Reading foreign newspapers and magazines may not necessarily have a direct impact on my daily investment work. But I still think it is important for me to understand what is happening in Japan in a global context.

Notes:
This article originally appeared on January 13, 2016. Any views presented in this article are as of such date and are subject to change.
This article and the information provided therein are not a recommendation to purchase or sell any security, nor are they intended to constitute the marketing of, or a solicitation for investment in, any investment product.

 

Company profileInterview

Nippon Value Investors KK (“NVI”) was founded in 2005 to specialize in value-oriented Japanese equity investment management. Our portfolio managers on average have more than 25 years of investment experience and have been working together since 1999 to manage value-oriented Japanese equity investments.

NVI directors and employees own a majority of the firm and are stable shareholders. We believe that this autonomy and internal ownership allow us to pursue a coherent investment philosophy and to maximize the alignment of our interests with those of our clients.

Strategy

NVI’s investment program invests in companies which are considered to be cheap against their quality. NVI believes good investments are a product of paying attractive prices relative to the quality of the companies in which we invest. Investors who ignore short-term market jitters and focus instead on a company's underlying strengths are better positioned to identify opportunities to buy good companies at attractive prices. Our investment professionals focus on company fundamentals to identify true value opportunities.

Our investment approach is pure bottom-up and research-driven. The three stages of our research approach are;

1)

Database screening to identify companies that meet our value criteria primarily by using price/earnings, price/book value and dividend yield,

2)

Financial analysis to identify the strength and liquidity of the balance sheet and cash flows, and

3)

Fundamental analysis of each company’s products, franchise, market opportunities and management.

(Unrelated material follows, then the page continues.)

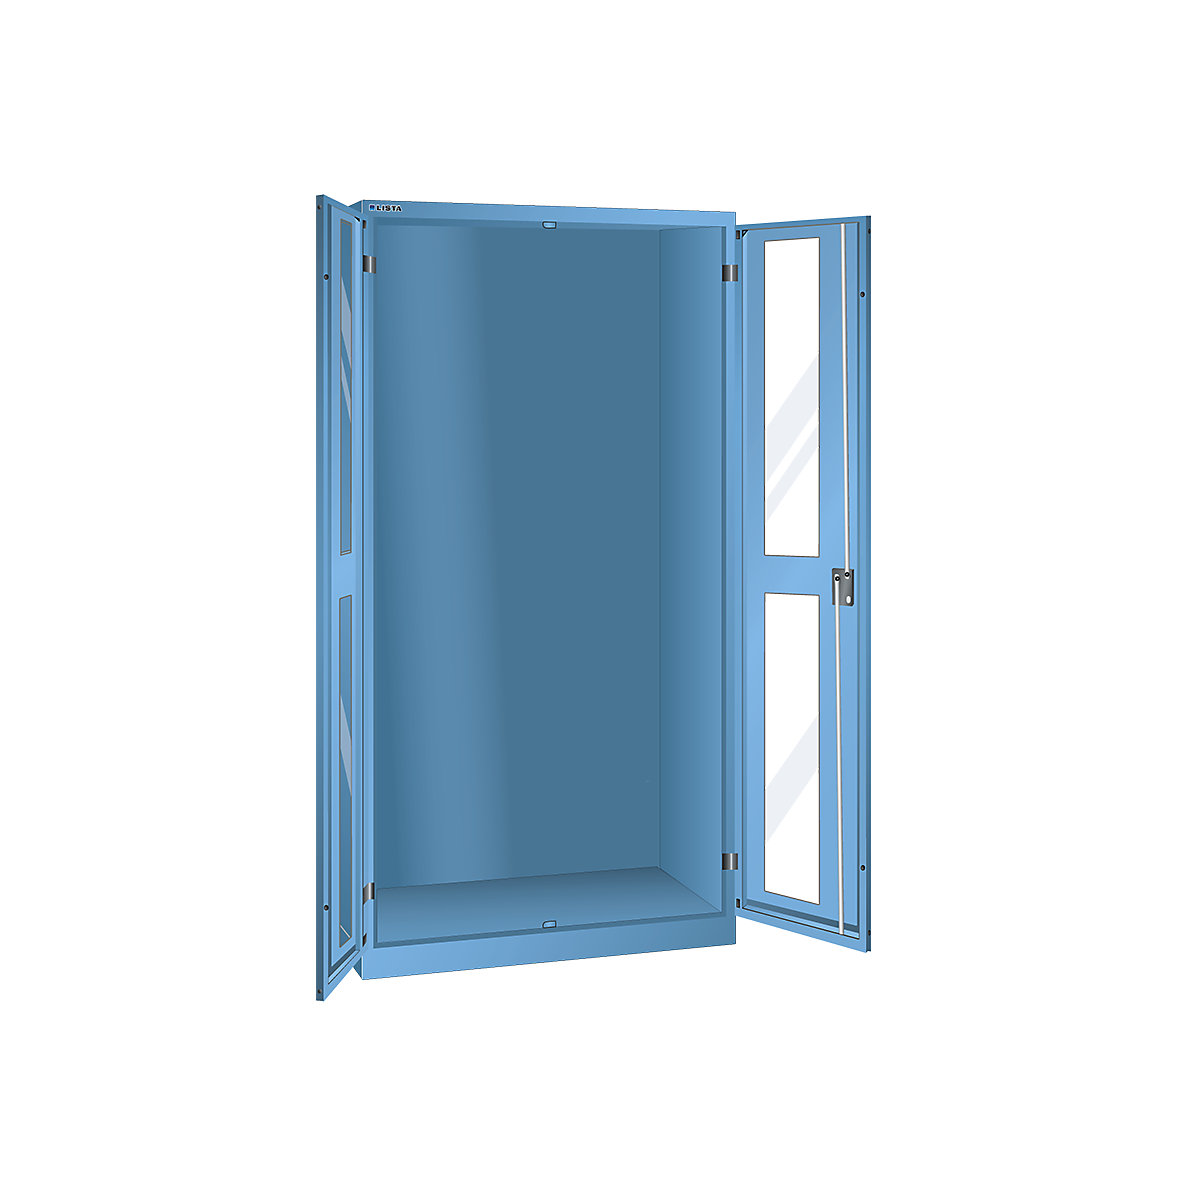 Armário com janelas de visualização, AxLxP 1950 x 1000 x 580 mm - LISTA

Meeting company management is a critical step for us in making the final assessment. One of the goals of this thorough research process is to identify attractive value opportunities relative to the quality of the company in order to construct our portfolio. Continuous efforts are made to rotate capital to better value opportunities. All of our investment professionals participate in each process as research analysts and portfolio managers.